BEGIN

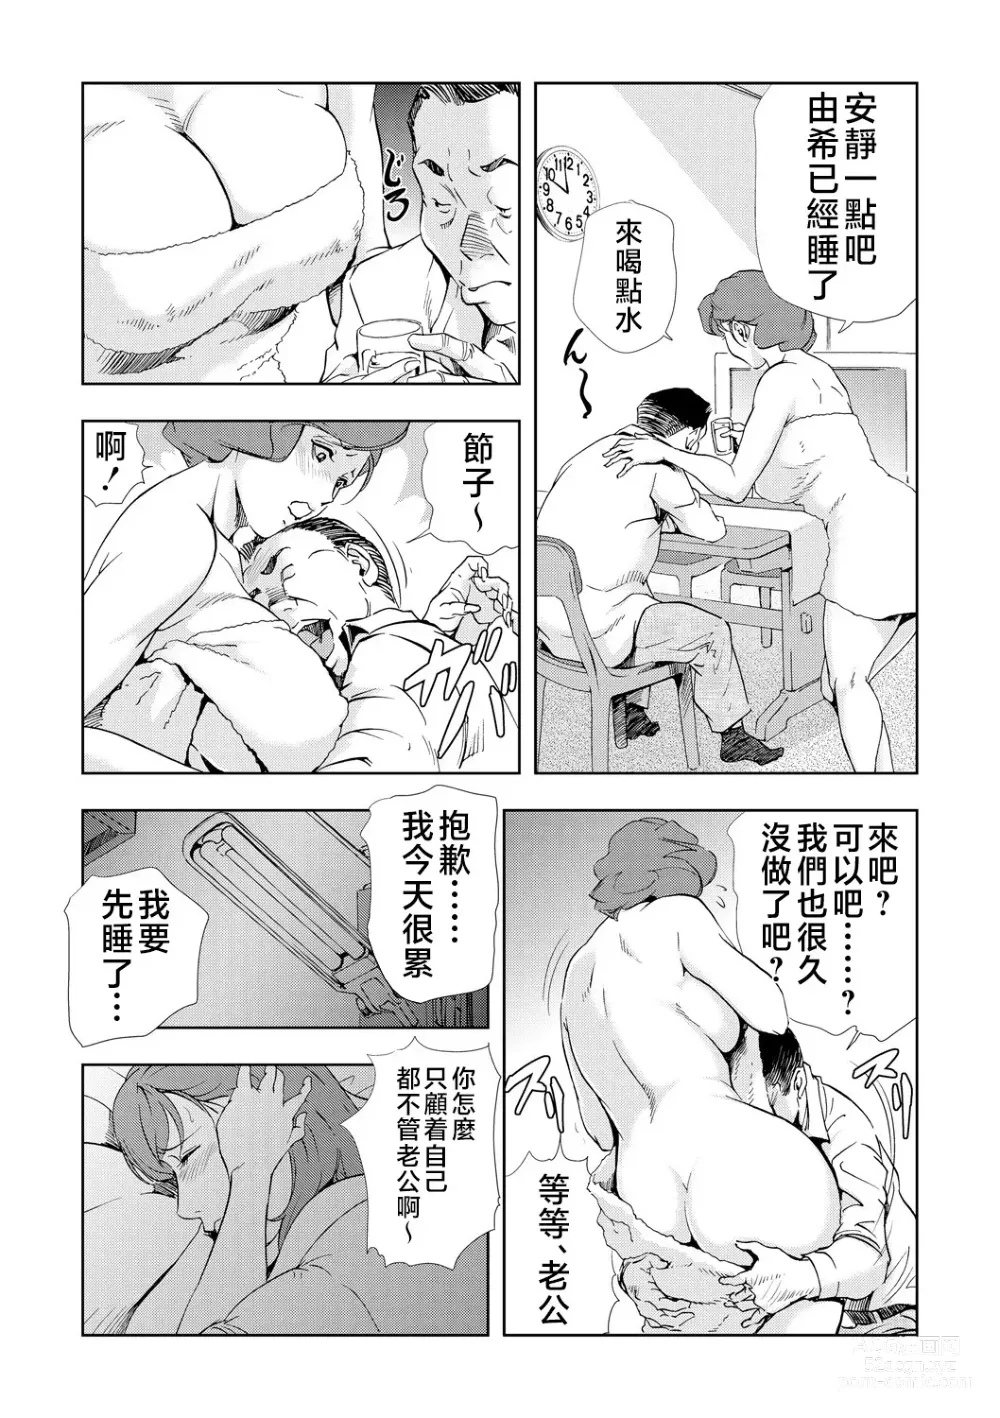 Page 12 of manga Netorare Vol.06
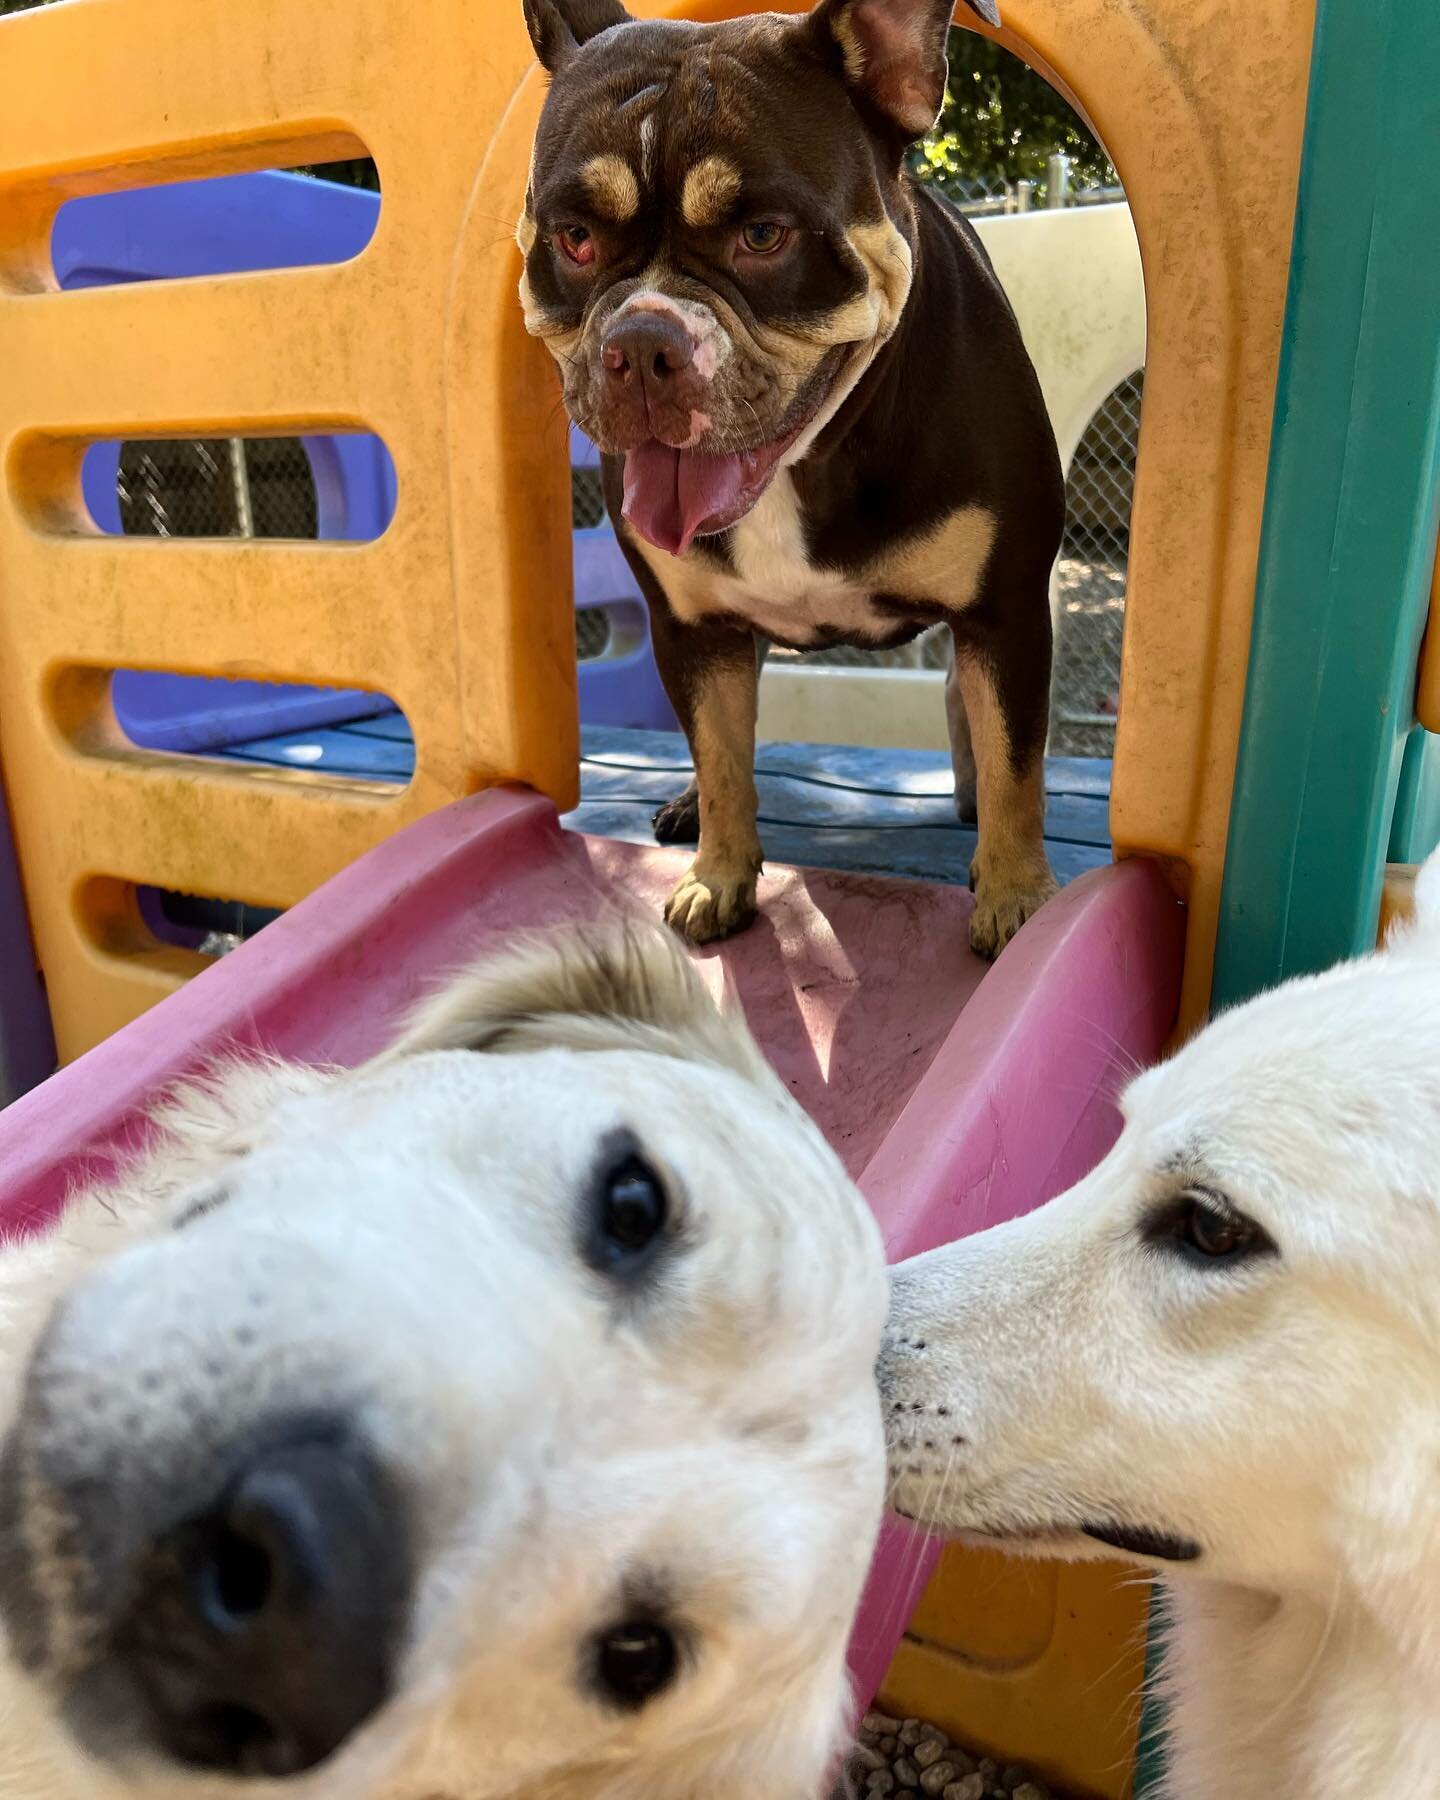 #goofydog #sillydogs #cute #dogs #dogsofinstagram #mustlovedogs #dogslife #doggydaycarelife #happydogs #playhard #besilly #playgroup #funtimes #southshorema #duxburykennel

END
BEGIN

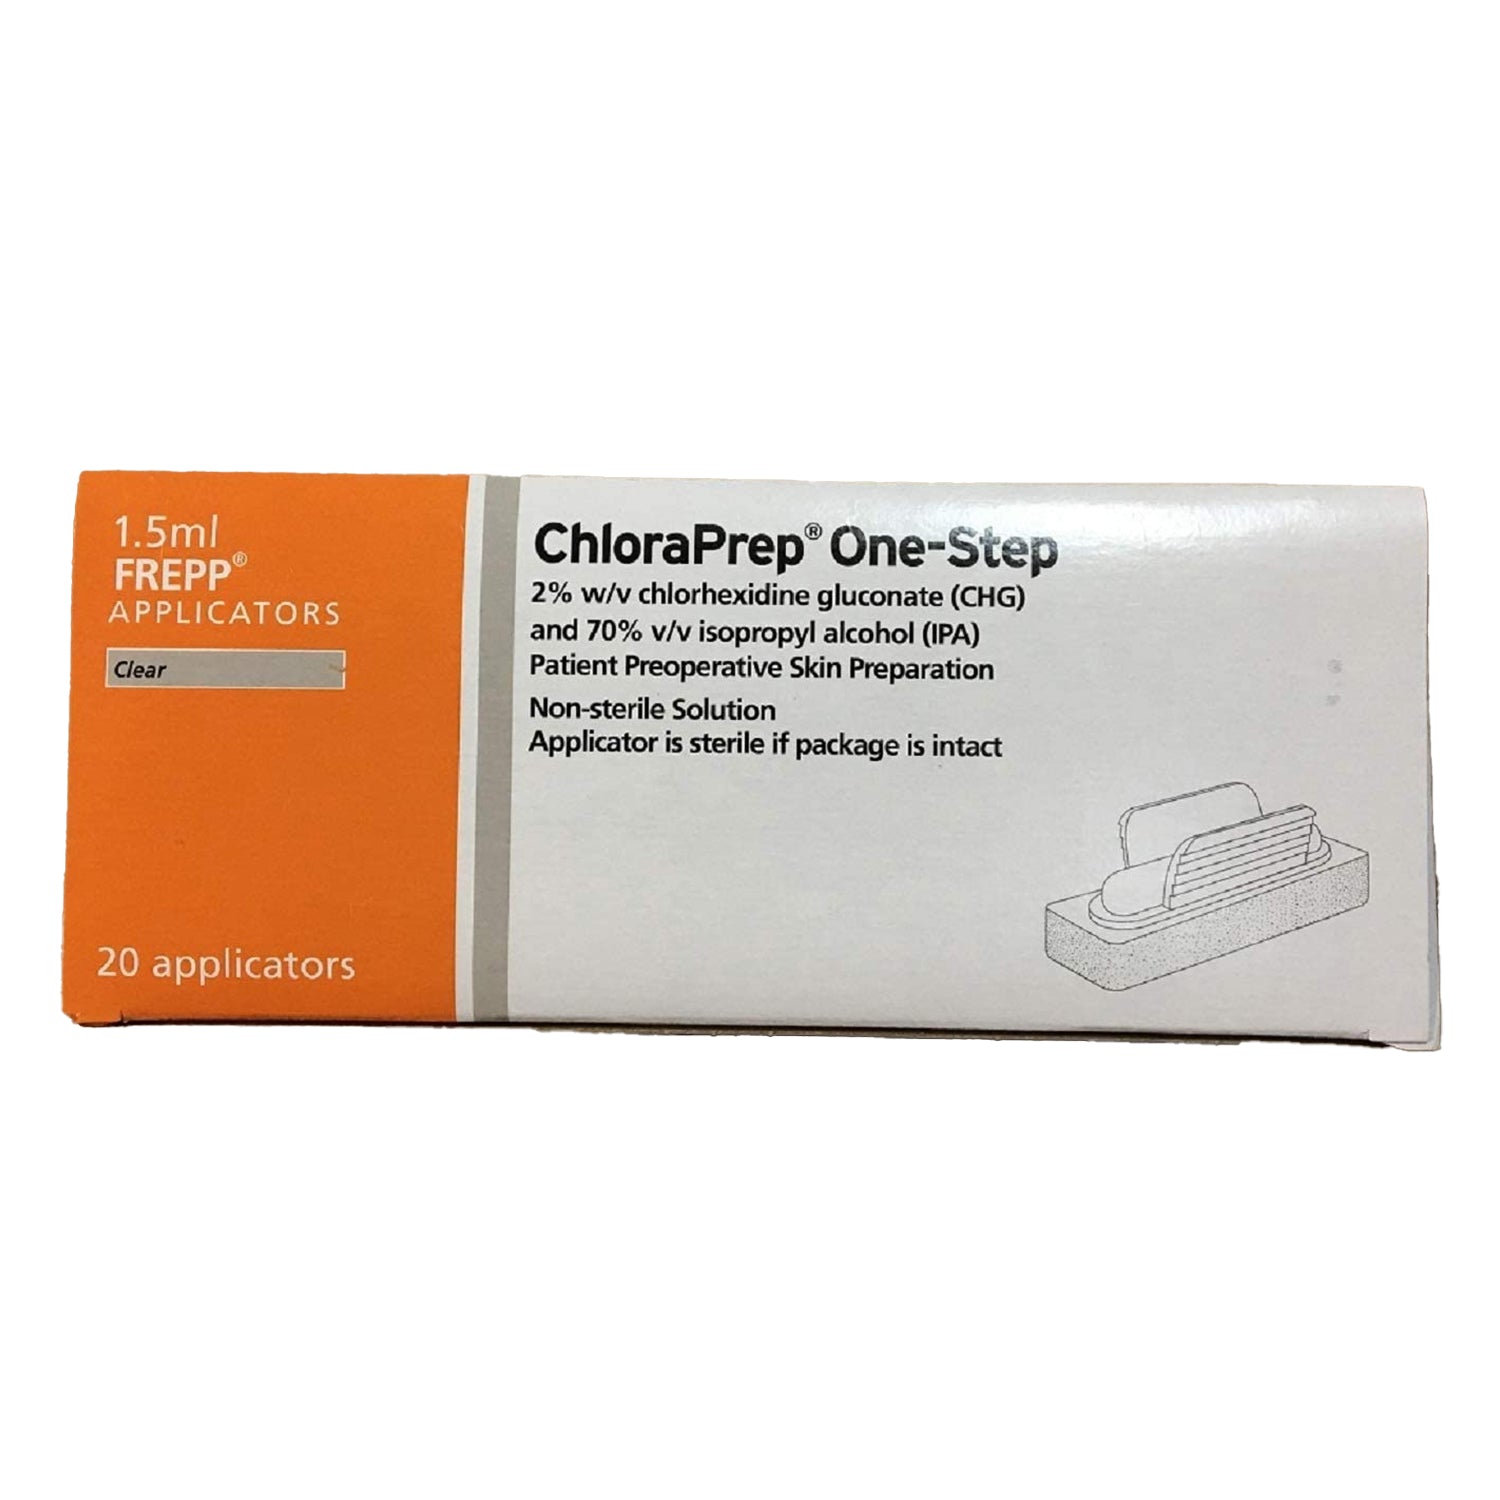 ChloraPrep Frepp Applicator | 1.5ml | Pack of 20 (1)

END
BEGIN

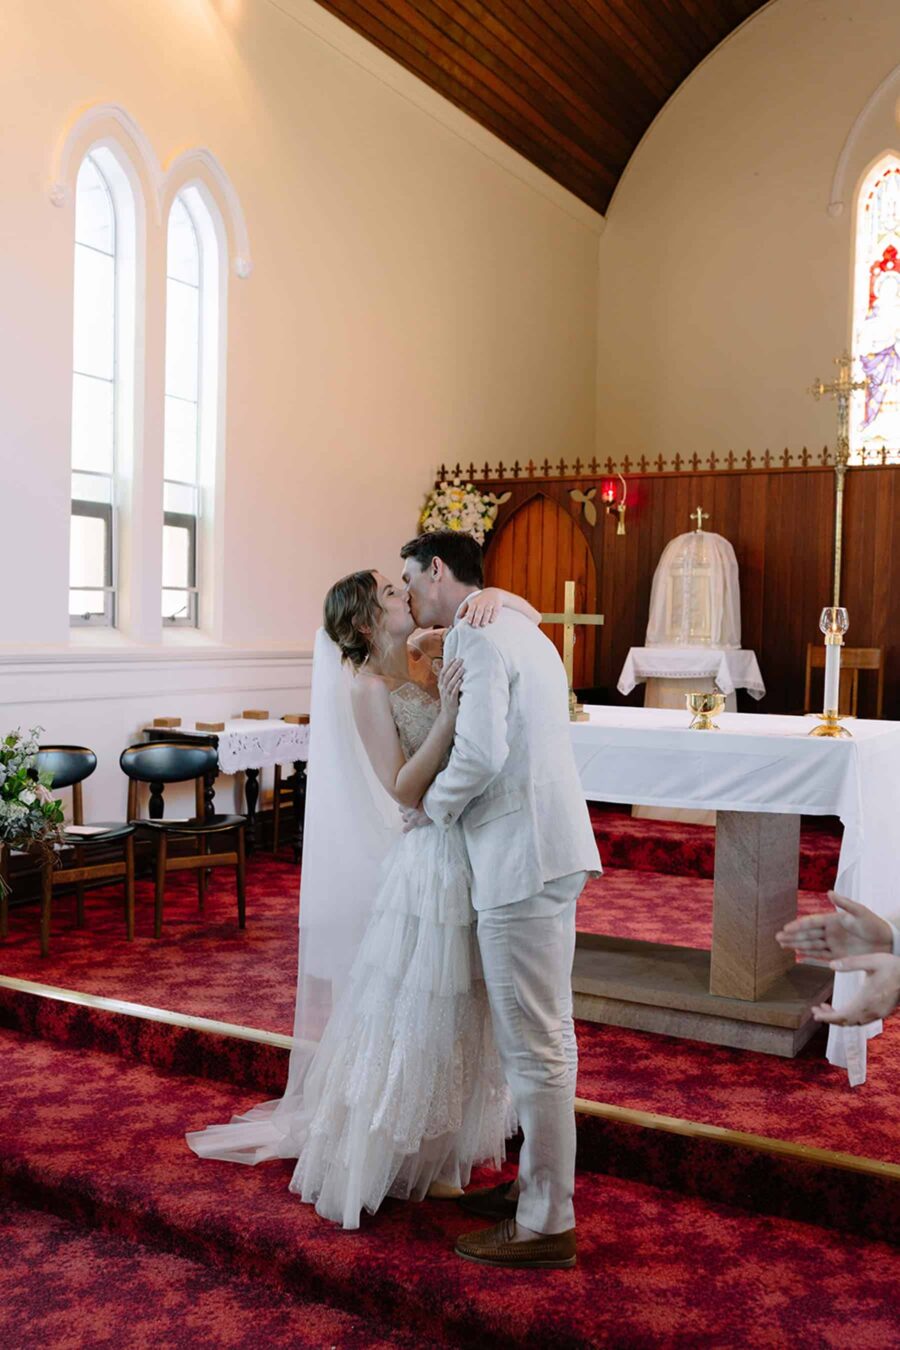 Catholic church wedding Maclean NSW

END

**PROBLEM STATEMENT**: Could you repeat, exactly, only the lines above starting at the one that has "Page 12 of manga Netorare Vol.06" and stopping after the one that has "#goofydog #sillydogs #cute", without the pictures?

**WRITTEN ANSWER**:
 Page 12 of manga Netorare Vol.06
 #goofydog #sillydogs #cute #dogs #dogsofinstagram #mustlovedogs #dogslife #doggydaycarelife #happydogs #playhard #besilly #playgroup #funtimes #southshorema #duxburykennel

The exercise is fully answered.